I can't figure out how to properly use ^ or otherwise negate my unwanted links using the above method. Same goes for character classes, whenever I use [ ] regex just ignores them letter by letter so:
href=\"?[^mailto://](.+?)[\" >]
This simply ignores ANY link with an m a i l t o : or a / in it, that's not what I want, i want it to ignore links with mailto:// in it (hence the subject of thing post, ignore STRING!)
I hope that made sense.
Thanks in advance for any of those who can point me in the right direction!
Also I'm aware I could just look for links based on http:// or https:// but the problem is I'm also trying to find internal links so that's no solution :)
[edited by: eelixduppy at 1:29 pm (utc) on Jan. 14, 2008]
[edit reason] disabled smileys [/edit]
To get rid of ftp is not something I managed.

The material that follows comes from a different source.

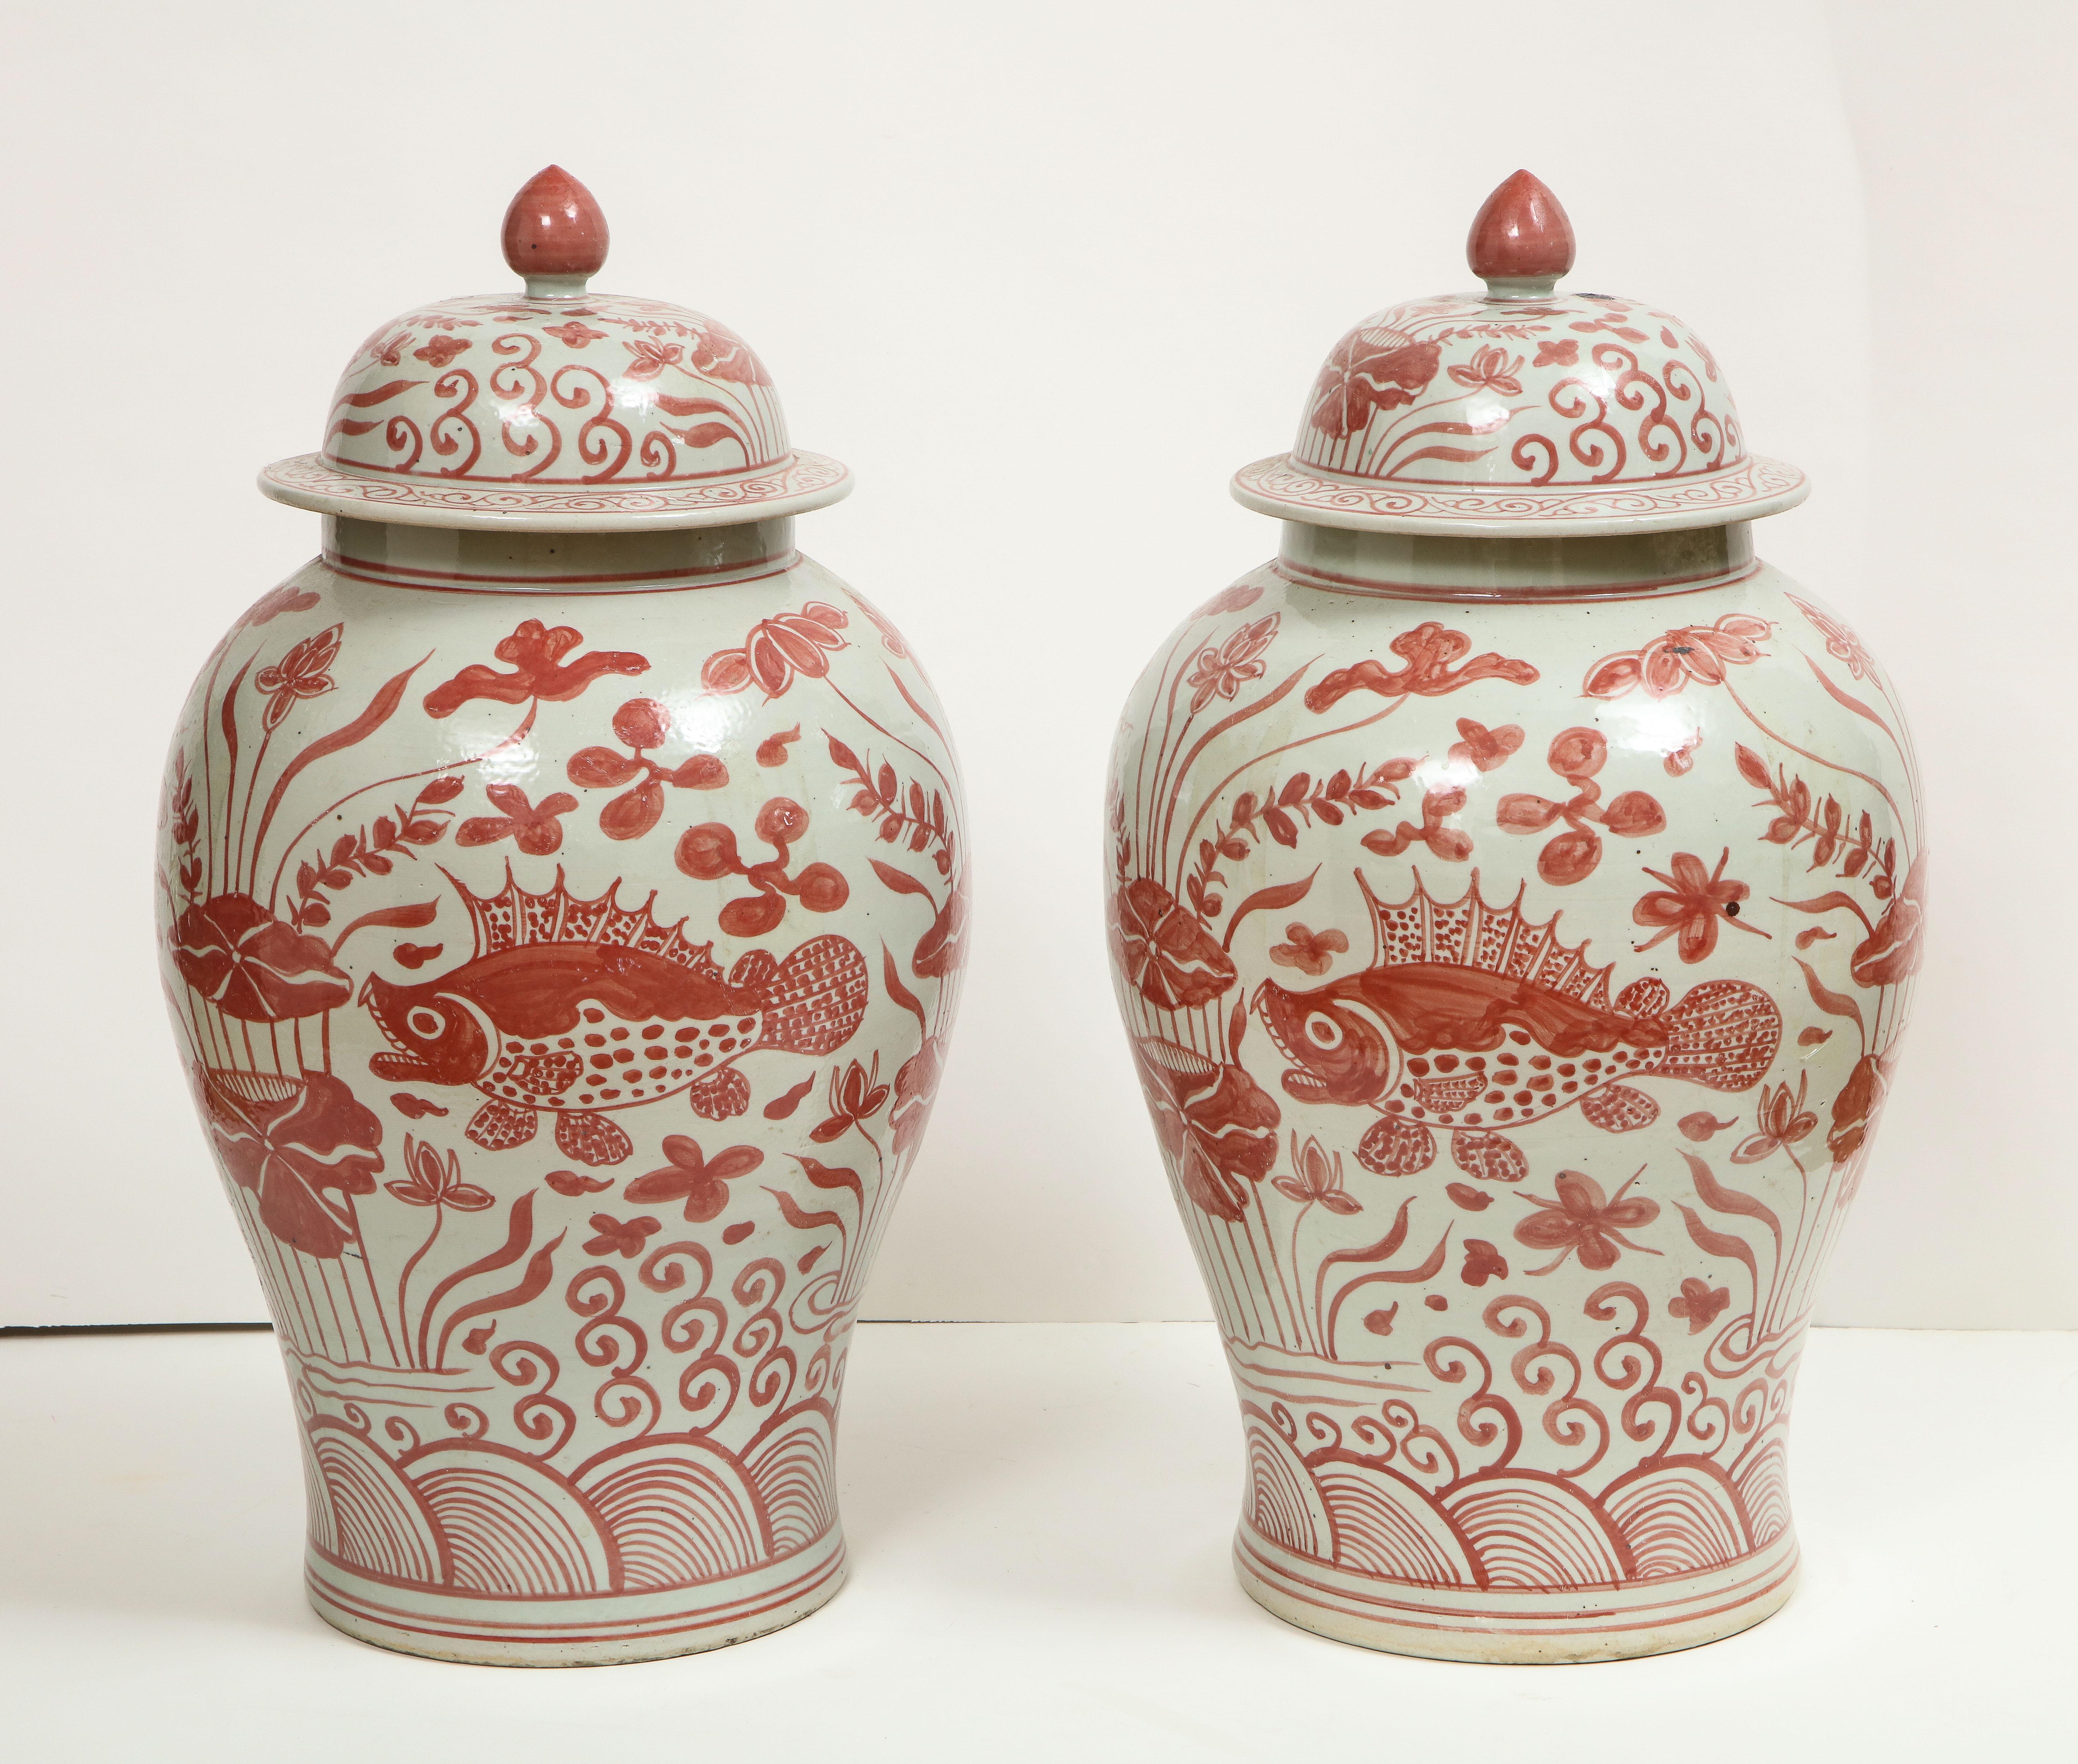 20th Century Pair of Pink and White Chinese Jars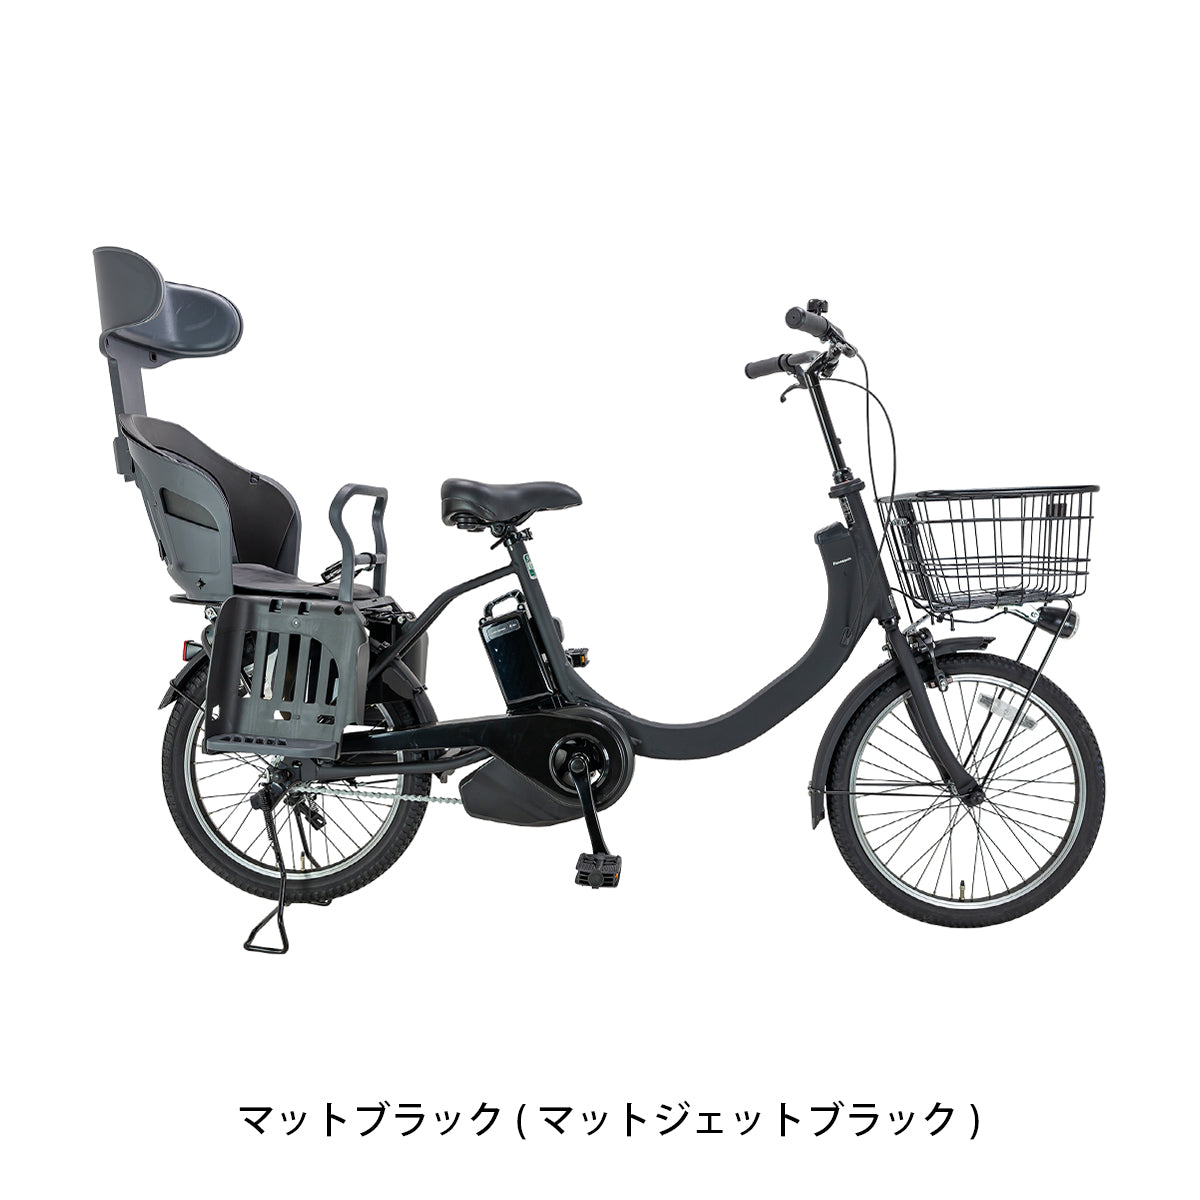 Panasonic子供乗せ電動アシスト自転車 - 電動アシスト自転車

I tried lookbehind assertions but they didnt seem to be working :(
However maybe someone else will get an idea from my NOT WORKING code -
$pattern = '%href=?(?<!ftp\.)([\w\./#&]+)[" ]>%';
preg_match_all($pattern, $string, $matches, PREG_PATTERN_ORDER);
echo '<pre>';
print_r($matches);
echo '</pre>';
<?
$str .= "<a href=\"somewhere.php\">";
$str .= "<a href=\"somewhere.php\" target=\"_new\">";
$str .= "<a href=\"mailto://someone@somewhere.com\">";
$str .= "<a href=\"ftp://somewhere.com\">";
$str .= "<a href=\"somewhere.php\" target=\"_blank\">";
$pattern2="/\<{1}a\shref=\"{0,1}[a-zA-Z0-9\%\_\-\?\.\s\&\=\"\/]+\"{0,1}\>{1}/si";
preg_match_all($pattern2, $str, $matches);
print_r($matches); //you'll need to "view source" to see the actual becuase html entities will get parsed.
?>
if this doesn't work for you, im sure theres other ways. suhc as writing a loop to go through your $matches array, store the ones that are valid in a temp array while in the process ignore all the ones with the string you want to ignore.